Giovanni Falcone, sopra citato come icona dell’antimafia da un ex magistrato nella veste di politico, è stato sostenitore della separazione delle carriere di giudici e requirenti ma anche la figura più osteggiata dalla logica correntizia del CSM, della quale Luca Palamara, ex ANM, ha disvelato meccanismi decisionali e commistioni strategiche o clientelari con il mondo della politica. Radiato dall’ordine giudiziario!
Non radiato Antonio Di Pietro, avendo smesso di indossare la toga per entrare in politica, anch’egli, icona di “mani pulite”, favorevole alla separazione.
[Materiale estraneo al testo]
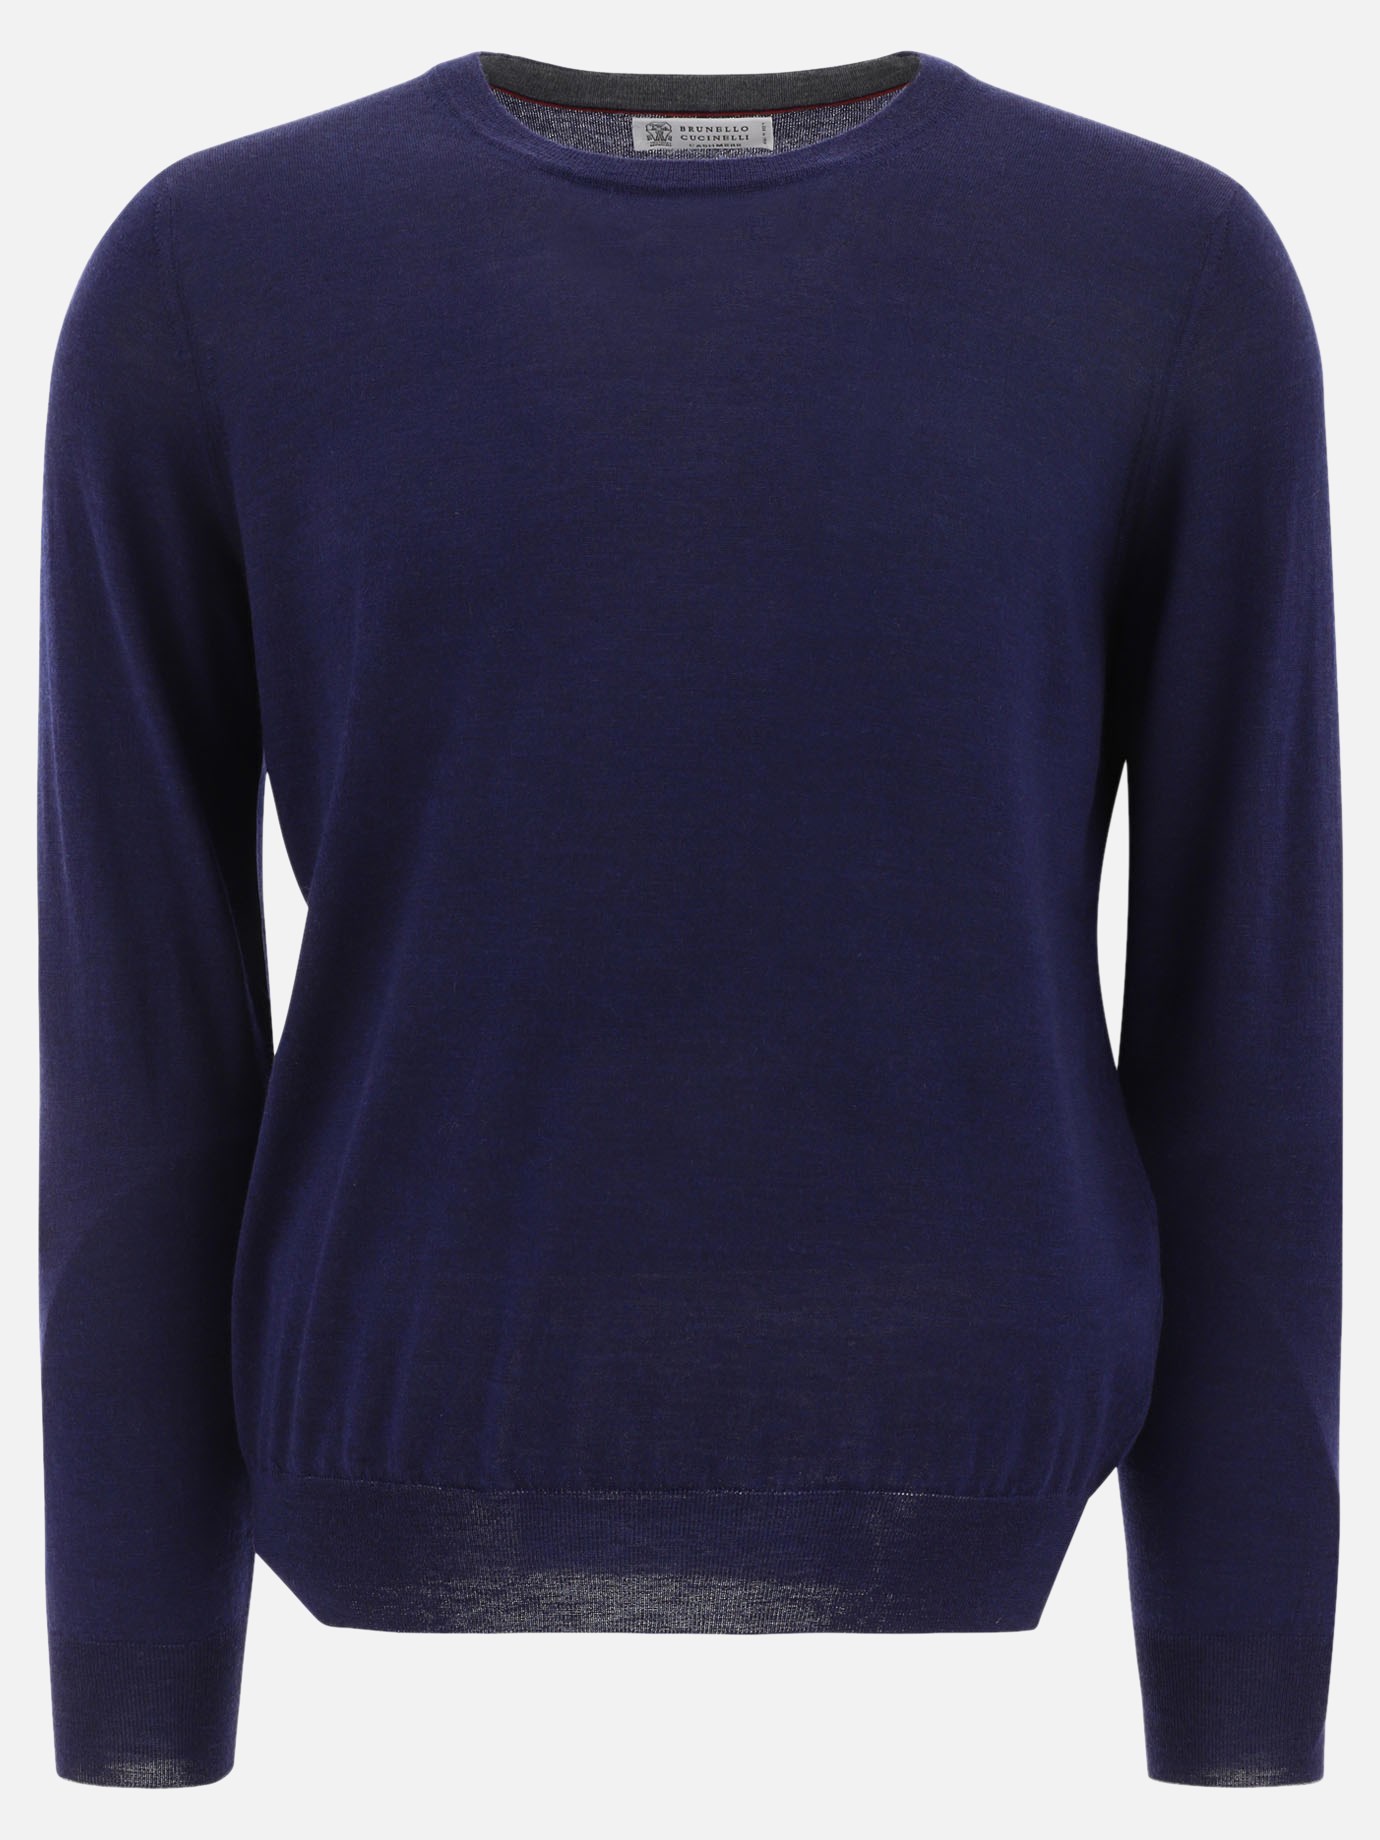 Sweater with ribbed hem and cuffs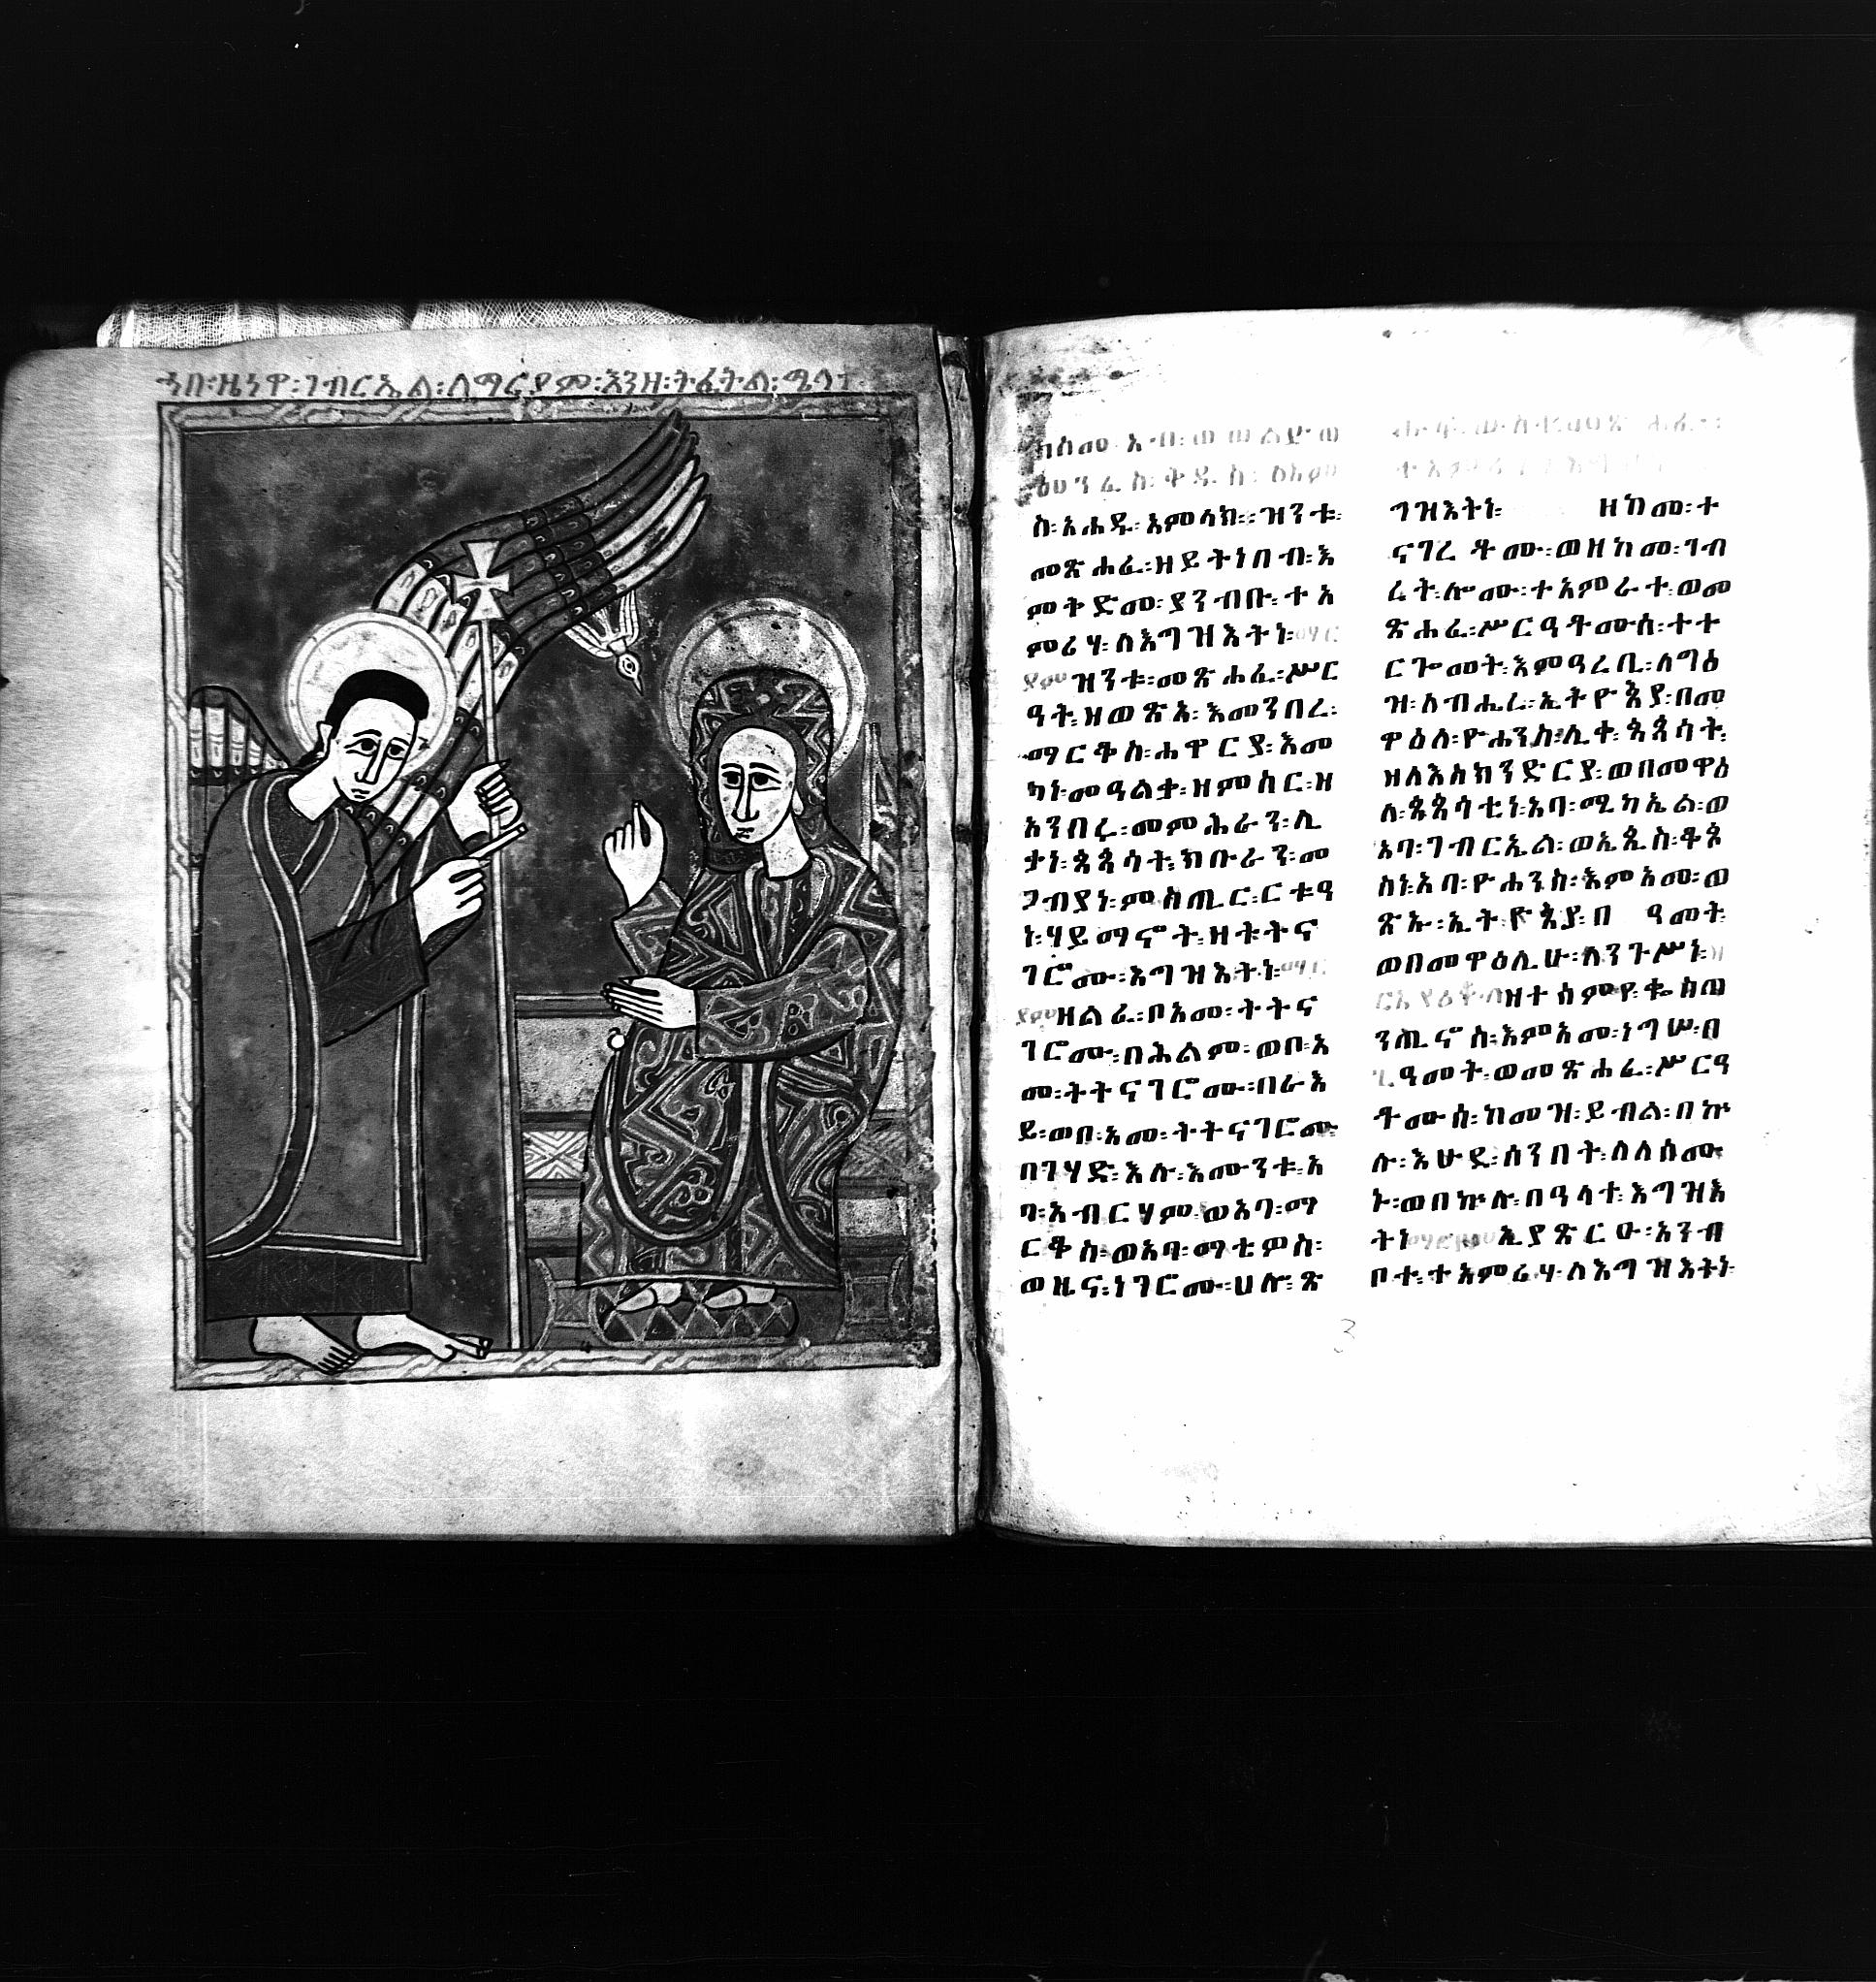 Ethiopian manuscript containing Miracles of Mary (<a href='https://w3id.org/vhmml/readingRoom/view/201729'>EMML 9002</a>)

L’assetto dei rapporti politica/magistratura a volte incestuoso o prevaricante è un tema datato. Ne ha fatto argomento di una pubblicazione del 1996 Pietro Folena, responsabile del settore giustizia del PdS, denunziando come la frattura degli equilibri abbia di fatto “delegato impropriamente al Pm una funzione di selezione della classe dirigente politica”. Materiale offerto anche dalle cronache odierne.
Resta di attualità la questione di rendere sereno ed indipendente l’esercizio della giurisdizione, che non è stato sempre garantito dal sistema in vigore di formazione del CSM, organo di autogoverno, inquinato dal correntismo, certamente non rassicurante per i cittadini. Sul punto la riforma innesca un percorso di liberazione dalle tentazioni di compromessi, utili per i politicanti e mortificanti per la dignità della magistratura.
Pretendere dagli uomini delle istituzioni più informazioni fedeli al testo letterale del ddl di riforma e meno supposizioni di derive è un dovere verso la Repubblica, un diritto dei cittadini e sarebbe anche un servizio per la credibilità della stessa “casta”. Absit iniuria verbis!